Tumor Burden Postsurgery Not Predictive of Survival in mRCC

Roxanne Nelson BSN, RN

November 08, 2015

MIAMI — Cytoreductive nephrectomy has been associated with improvement in overall survival in patients with metastatic renal cell carcinoma (mRCC), a benefit that has been based on the amount of tumor burden removed at the time of surgery.

However, a study that measured the three-dimensional (3D) volume of the primary tumor raises questions about the assumption that most of the tumor needs to be resectable to go ahead with surgery.

Conventional one-dimensional (1D) imaging measurements of the primary tumor's diameter frequently overestimate mRCC primary tumor volume, according to study author Michael L. Blute Jr, MD, a clinical instructor in the Department of Urology at the University of Wisconsin–Madison.

When 3D volumetric measurements were used, higher primary tumor burden was not associated with worse outcomes in patients with mRCC treated with cytoreductive nephrectomy, Dr Blute reported here at the 14th International Kidney Cancer Symposium (IKCS).

"Previous studies have shown improved outcomes with cytoreductive nephrectomy, and they have looked at cross-sectional imaging based on the amount of tumor removed during surgery, generally based on [1D] measurements, assuming that the tumors are perfect spheres," he said.

"Newer imaging processing software has allowed us to measure these tumors in three dimensions," Dr Blute pointed out. "With [3D] volume imaging, measurements are cross-sectional and take into account coronal, sagittal, and axial images."

Thus, image processing has enabled more accurate 3D measurements of tumor volume when compared with volume calculated from 1D measurements. The objective of the current study was to compare 3D volume with 1D volume and to determine whether the measured primary tumor burden is predictive of overall survival after cytoreductive nephrectomy in patients with mRCC.
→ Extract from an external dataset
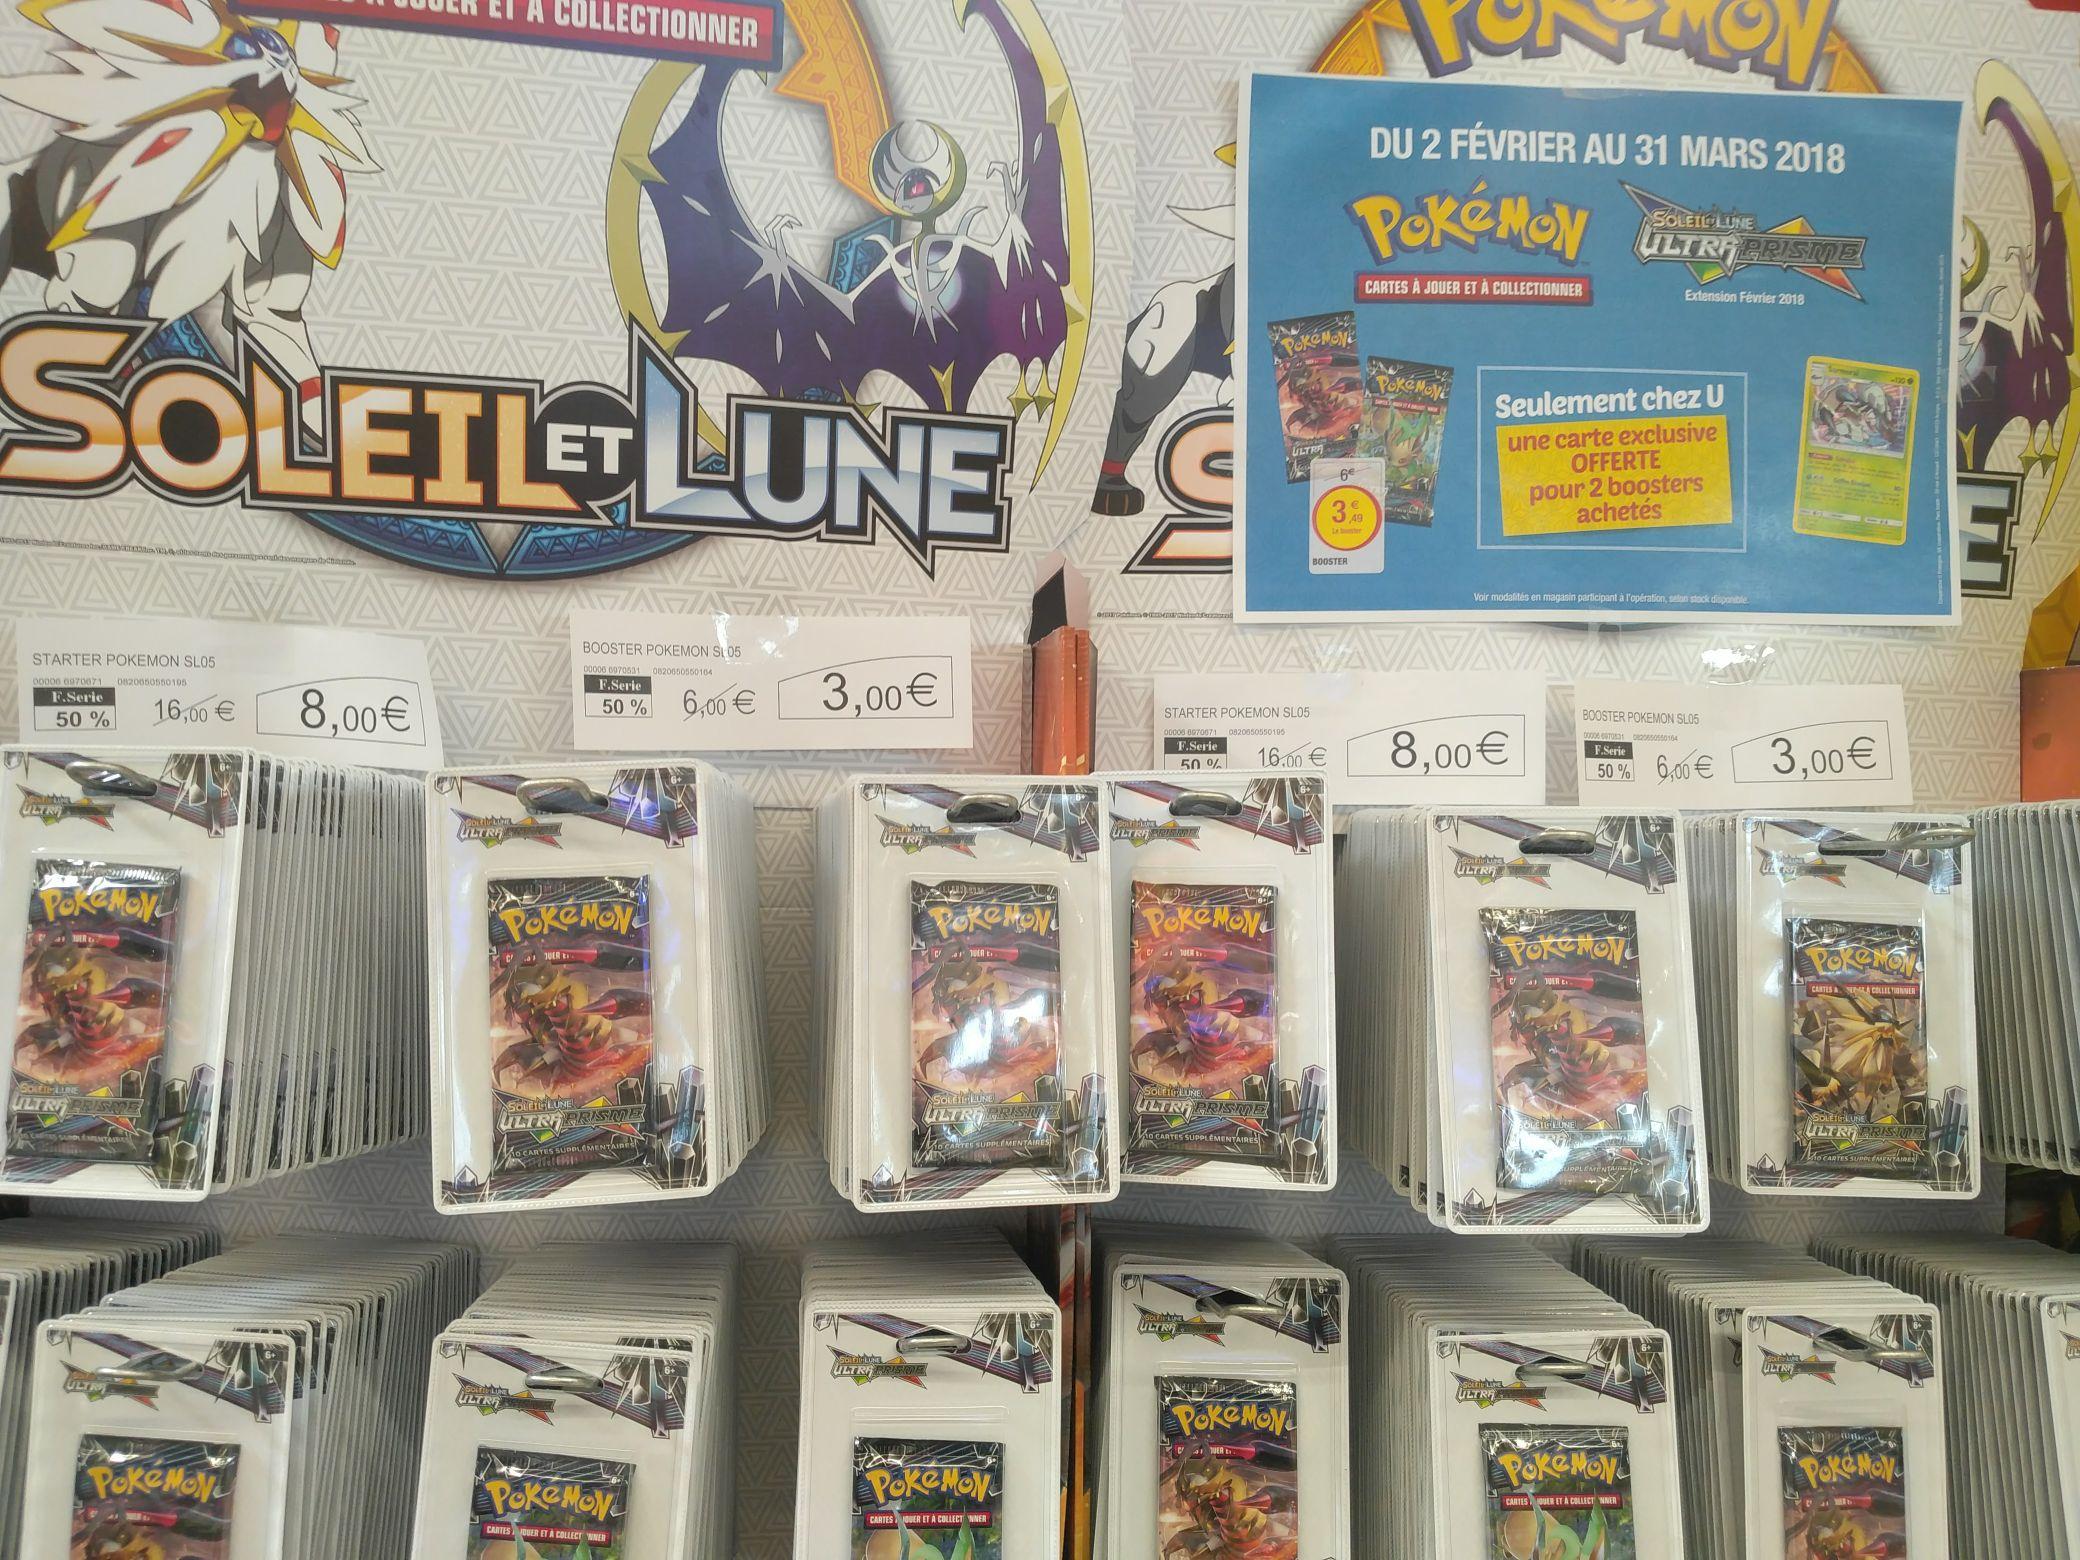 Sélection cartes Pokémon en promotion - Ex : booster SL5 3€ au lieu de 6 + 1 carte série limitée pour 2 achetés - Colombe (38)

Dr Blute and colleagues looked at patients with mRCC who had been treated with cytoreductive nephrectomy since 2006. "This is the targeted therapeutic era, and we looked at imaging studies for the primary tumor and all measureable metastatic lesions," he explained.

Tumor Burden Not Associated With Survival

Patients were analyzed by groups based on the primary tumor burden, using either calculated 1D volume or measured 3D volume. Variables were considered continuously and using a cut point of 90% primary burden.

Imaging from all tumor sites was available for 72 patients before undergoing surgery. Within this group, 69% had died of their disease, 32% had grade 4 lesions, and 35% presented with 2 or more metastatic sites.

The researchers found there were no significant differences when stratifying the patients. "We looked at a number of factors, and most importantly, we looked at the percentage of tumor volume removed at the time of surgery to see if it predicted survival," Dr Blute said.

In 14 (19.4%) patients, the 1D volume was within ±10% of the 3D volume. For 51 (70.8%) patients, the primary tumor 1D volume overestimated by more than 10% of the actual 3D volume. This included 13 (18%) patients with 1D volume at least 100% greater than the 3D volume.

For 7 (9.7%) patients, the 1D volume was less than the 3D volume, but neither 3D nor 1D volume of the primary tumor or metastatic sites was associated with overall survival (P = .17 or .08, .99 or .06).

"When we looked at the 90% cut point, when the patient had 90% of the tumor removed, there was no significant association with either 1D or 3D measurement," Dr Blute said.

He pointed out that there was a "loose association with survival in 1D measurement, but keep in mind, this frequently overestimates the true tumor volume."

As a continuous variable, 1D primary tumor burden was associated with overall survival (hazard ratio, 1.02; 95% confidence interval, 1.00 - 1.03; P = .036).

Conversely, the actual 3D primary tumor burden was not associated with overall survival (P = .89).

When measured by 3D imaging, there was no difference in survival based in the actual tumor volume removed. "Stated another way, when a patient in our series had 45% or over 90% removed, the median overall survival was not statistically different," Dr Blute said. "In fact they were almost the same."

Approached for an independent comment by Medscape Medical News, R. Houston Thompson, MD, a professor of urology at the Mayo Clinic, Rochester, Minnesota, noted that the study had "interesting and novel data suggesting that amount of metastatic disease burden was not associated with survival in cytoreductive nephrectomy patients."

"If confirmed by others, these findings may expand the role of cytoreductive nephrectomy for [patients with mRCC], which is currently advocated only when the majority — some use a 75% cut point — of disease can be resected with surgery," Dr Thompson commented.

14th International Kidney Cancer Symposium (IKCS). Presented November 6, 2015.